在应用程序有生之年,我填充缓存,在某些时候我想清楚它拖放 N 记录。通常,该表将包含〜25000斑点〜在DB 100-500Kb每次,总斑点大小是600-800Mb,但现在我测试〜2000年这是约60MB(下面的数字是这种情况)。清除去除90%的高速缓存条目。

During app lifetime I fill the cache and at some point I want to clear it out and drop N records. Typically this table will contain ~25000 blobs ~100-500Kb each, total blobs size in the DB is 600-800Mb, but now I test for ~2000 which are about 60Mb (following numbers are for this case). Clear removes 90% of cache entries.

我尝试不同的方式来做到这一点,在这里简要说明:

[1] 最差,最简单的。首先选择,比删除一个接一个地走光标。非常慢。

[1] Worst and simplest.
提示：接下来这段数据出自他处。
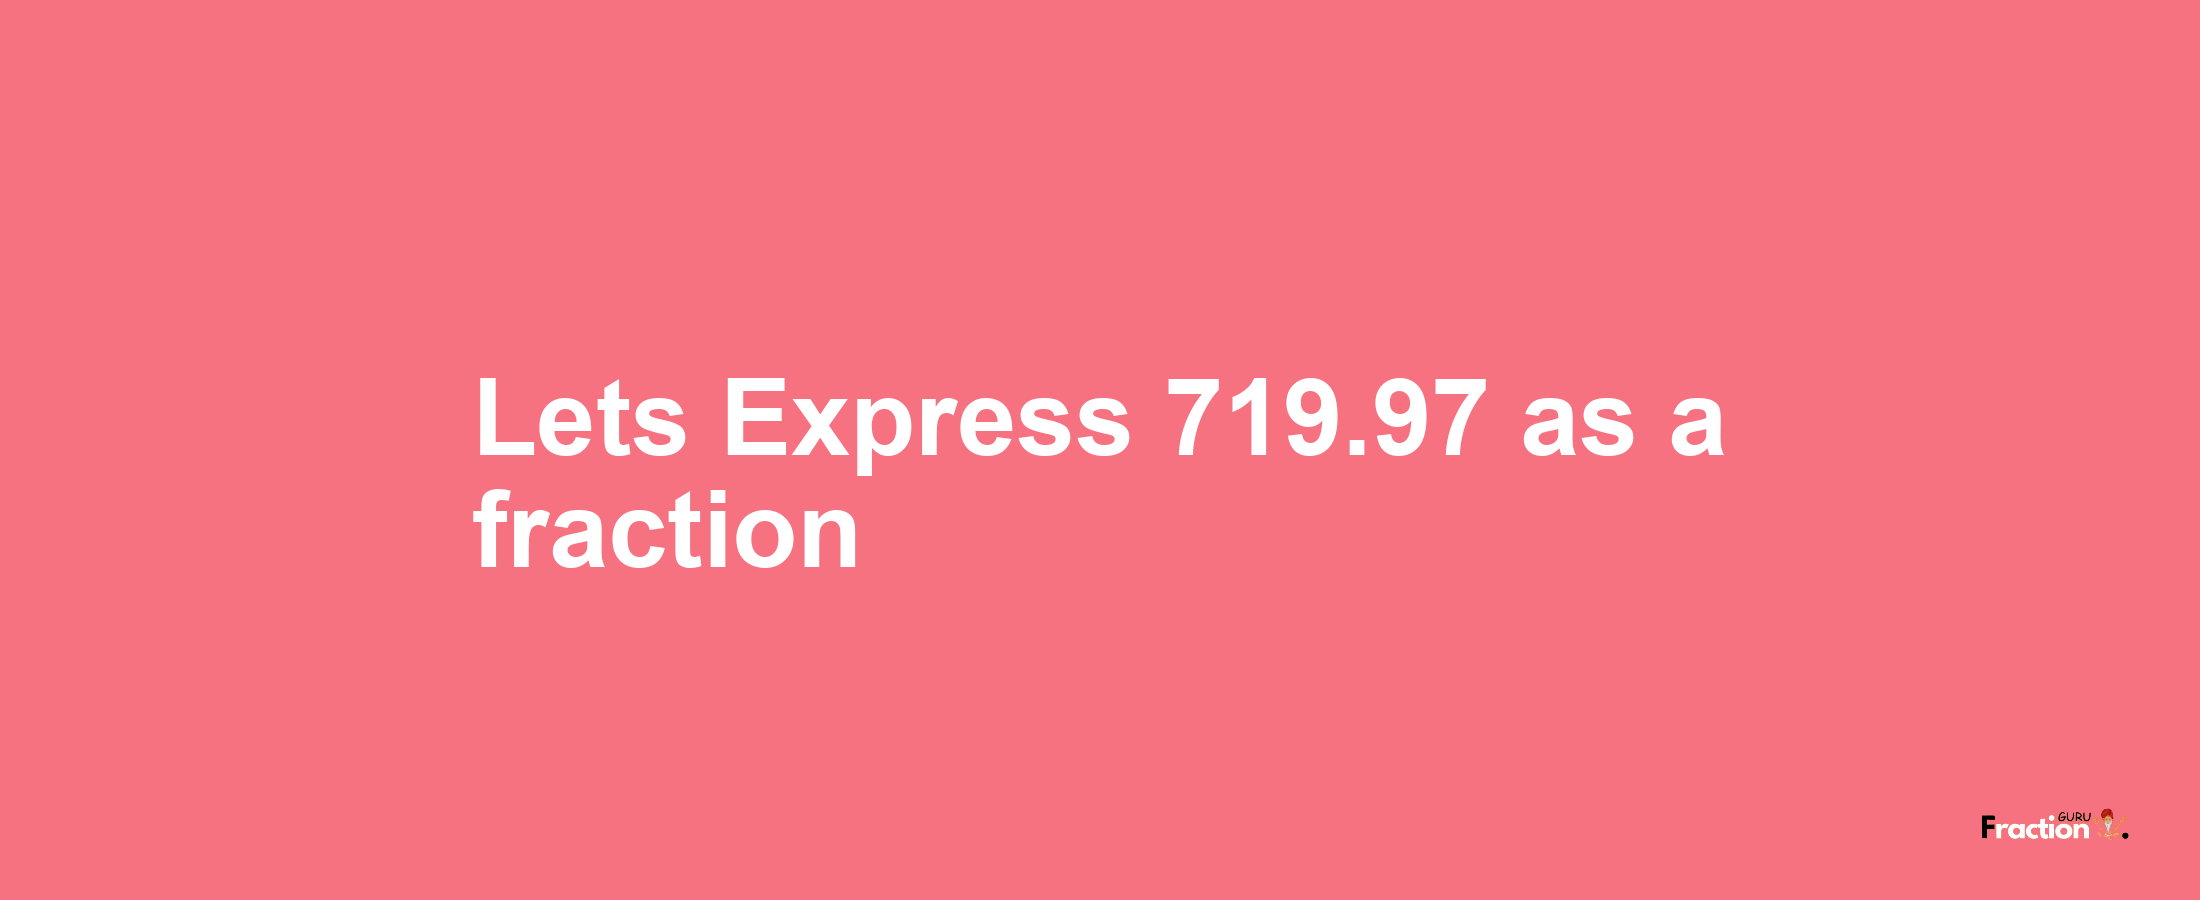 Lets Express 719.97 as afraction

First select, than remove one by one, walking cursor. Terribly slow.

[2] 请SQLite的与查询做到这一点(删除斑点与他们完全 N 字节):

[2] Make SQLite to do it with query (delete blobs with totally N bytes in them):

DELETE FROM blobs WHERE
  ROWID IN (SELECT ROWID FROM blobs WHERE 
             (SELECT SUM(size) FROM blobs AS _ WHERE ts <= blobs.ts) <= N);

这是快,但仍然非常缓慢:〜15秒。似乎也是它喜欢它有二次的复杂性。

This is faster, but still terribly slow: ~15 sec. Seems also it like it has quadratic complexity.
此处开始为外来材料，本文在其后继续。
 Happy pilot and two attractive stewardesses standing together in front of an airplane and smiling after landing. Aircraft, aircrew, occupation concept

[3] 在周围为删除(使用平均BLOB大小计算),并用简单的,其中条款删除选择行:

[3] Select row around where to remove (using average blob size for computations) and delete with simple WHERE clause:

-- Find row after which to delete, let it's time stamp is T0:
SELECT ts FROM cache ORDER BY ts LIMIT 1 OFFSET count;
-- Delete
DELETE FROM cache WHERE ts < T0;

这是好多了,但需要〜7秒。

This is much better, but takes ~7 sec.

[4] 创建新表,复制我需要保存和删除旧的。请注意,我在新表中创建索引后我抄这些东西:

[4] Create new table, copy that I need to save and drop old one. Note, that I create index in the new table AFTER I copied all this stuff:

  -- Insert only rows I want leave
  INSERT INTO temp(key, ts, size, data) SELECT key, ts, size, data 
    FROM cache ORDER BY ts LIMIT count;
  -- Drop table and indices.
  DROP INDEX by_key;
  DROP INDEX by_ts;
  DROP TABLE cache;
  -- Rename temp table and create indices...
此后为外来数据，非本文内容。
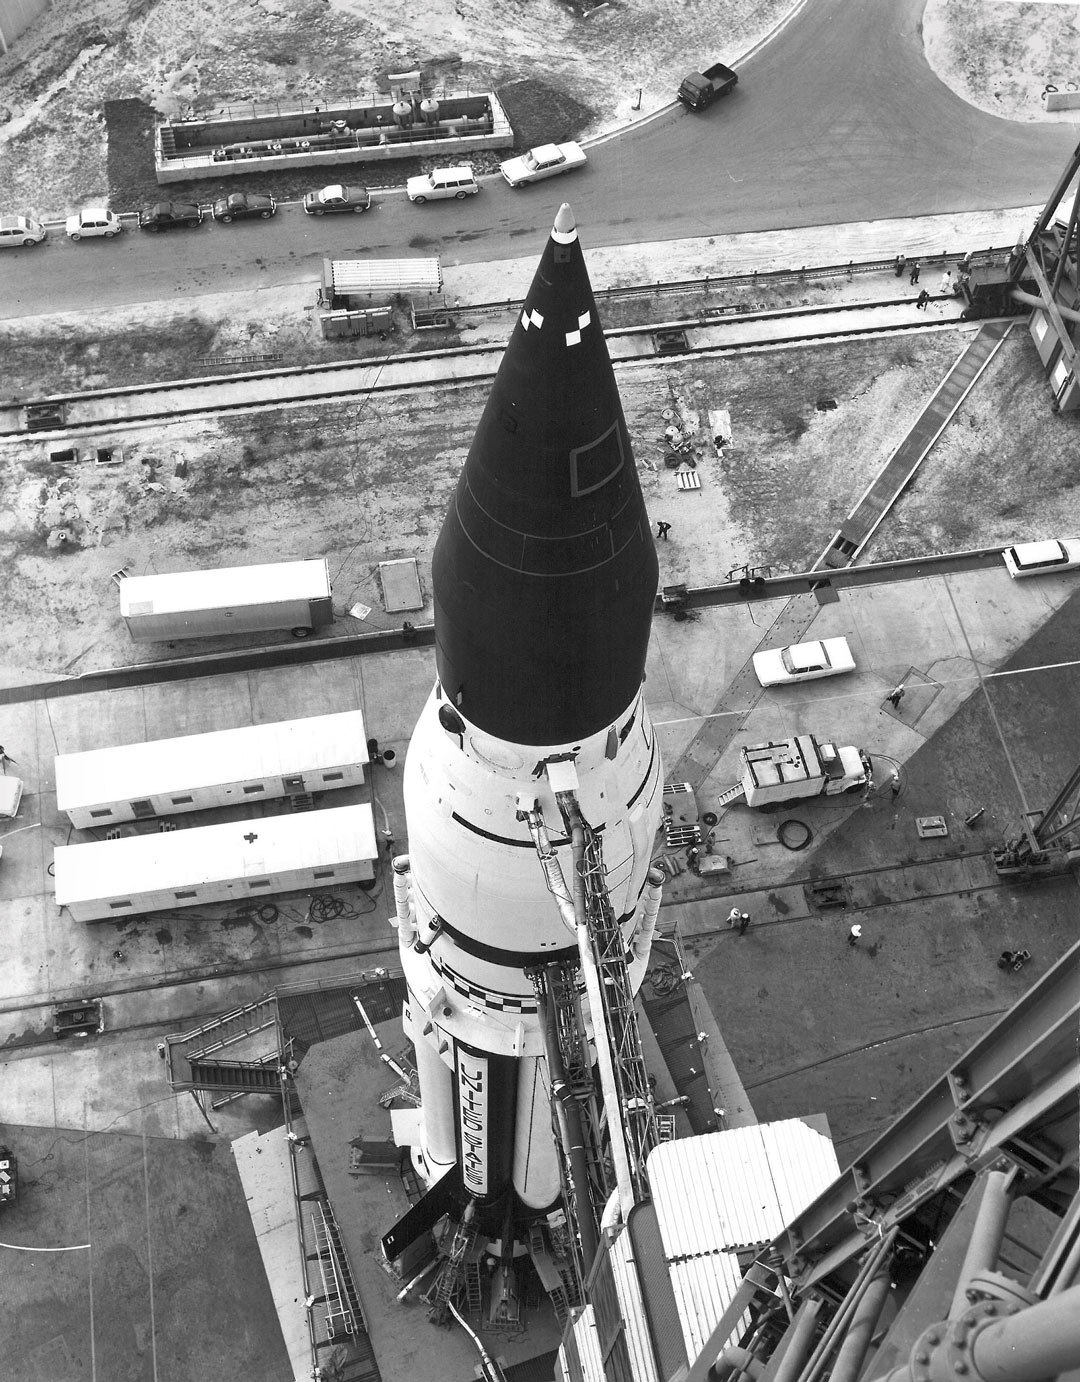 First Saturn I Block II rocket ready for launch, Kennedy Space Center, Cape Canaveral, Florida, 29 January 1964. From Sun and Moon

复制大约需要300毫秒为6MB的的斑点。但 DROP TABLE 约为〜8秒。

请注意在所有的情况下,我做的真空这需要另一个〜1秒。我怎样才能使它快?为什么 DROP TABLE 和删除都这么慢?我想可能是因为指标:当我做出退学关键指标前删除它的工作速度更快。如何让SQLite的删除快捷?

Note in all cases I do VACUUM which takes another ~1 sec. How can I make it fast? Why DROP TABLE and deletion are so slow? I think it might be because of indices: when I dropped key index before DELETE it worked faster. How to make SQLite delete fast?

推荐答案

您正在以大数据的数据库 - 也就是说,每一个斑点使用多页

You are working on a database with "big" data - ie, each blob using multiple pages.

目前接近最优的性能有一些时候你会达到一个极限,你能不能改善。

At some point near optimal performance you will reach a limit you can't improve.

检查所有的选择,我看到不同的行为,而不仅仅是不同的算法。

Checking all your choices, I see different behaviors, not just different algorithms.

[1]这不应该是可怕的慢,只要你使用事务。你需要两个操作一次,查询(获得BLOB大小),并删除。

[1] This one shouldn't be terrible slow as long as you use a transaction. You need two operations at once, query (to get blob size) and delete.

[2]这是一个不错的办法。作为两个查询和删除,都在一个单一的命令,所以SQLite的发动机优化。

[2] This is a good approach. As two queries and a delete, all in a single command, so SQLite engine will optimize.

[3]这是从之前的所有不同的行为。同 DELETE FROM缓存为Ts&LT; (TS选择从缓存中的ORDER BY TS LIMIT 1 OFFSET计)。查询更便宜那么previous,但我敢打赌,删除的行数都远远低于previous之一!查询昂贵的部分/删除将删除!查询优化是重要的,但事情总是会得到在删除慢。

[3] This is a different behaviour from all before. Same as DELETE FROM cache WHERE ts < (SELECT ts FROM cache ORDER BY ts LIMIT 1 OFFSET count). Query is less expensive then previous, but I bet number of rows deleted are far less then previous one! Expensive part of query/delete will be delete! Query optimization is important, but things will always get slower in delete.

[4]这是一个非常糟糕的做法!复制所有数据到新表 - 也许另一个数据库 - 将会非常昂贵。我只得到一个优势,从这样的:你可以将数据复制到一个新的数据库,避免真空,为新的数据库是构建基础,它的清洁

[4] This is a very bad approach!!! Copying all your data to a new table - maybe another database - will be VERY expensive. I only get one advantage from this: you may copy data to a new database and avoid VACUUM, as new database was build from base and it's clean.

关于真空 ...最差的则删除真空。真空是不应该被经常使用在数据库中。我理解这个算法应该是干净的数据库,但清洁不应该是一个频繁操作 - 数据库的选择/插入优化/删除/更新 - 而不是将所有的数据在最小尺寸

About VACUUM... Worst then DELETE is VACUUM. Vacuum is not supposed to be used often in a database. I understand this algorithm is supposed to "clean" your database, but cleaning shouldn't be a frequent operation - databases are optimized for select/insert/delete/update - not to keep all data at a minimal size.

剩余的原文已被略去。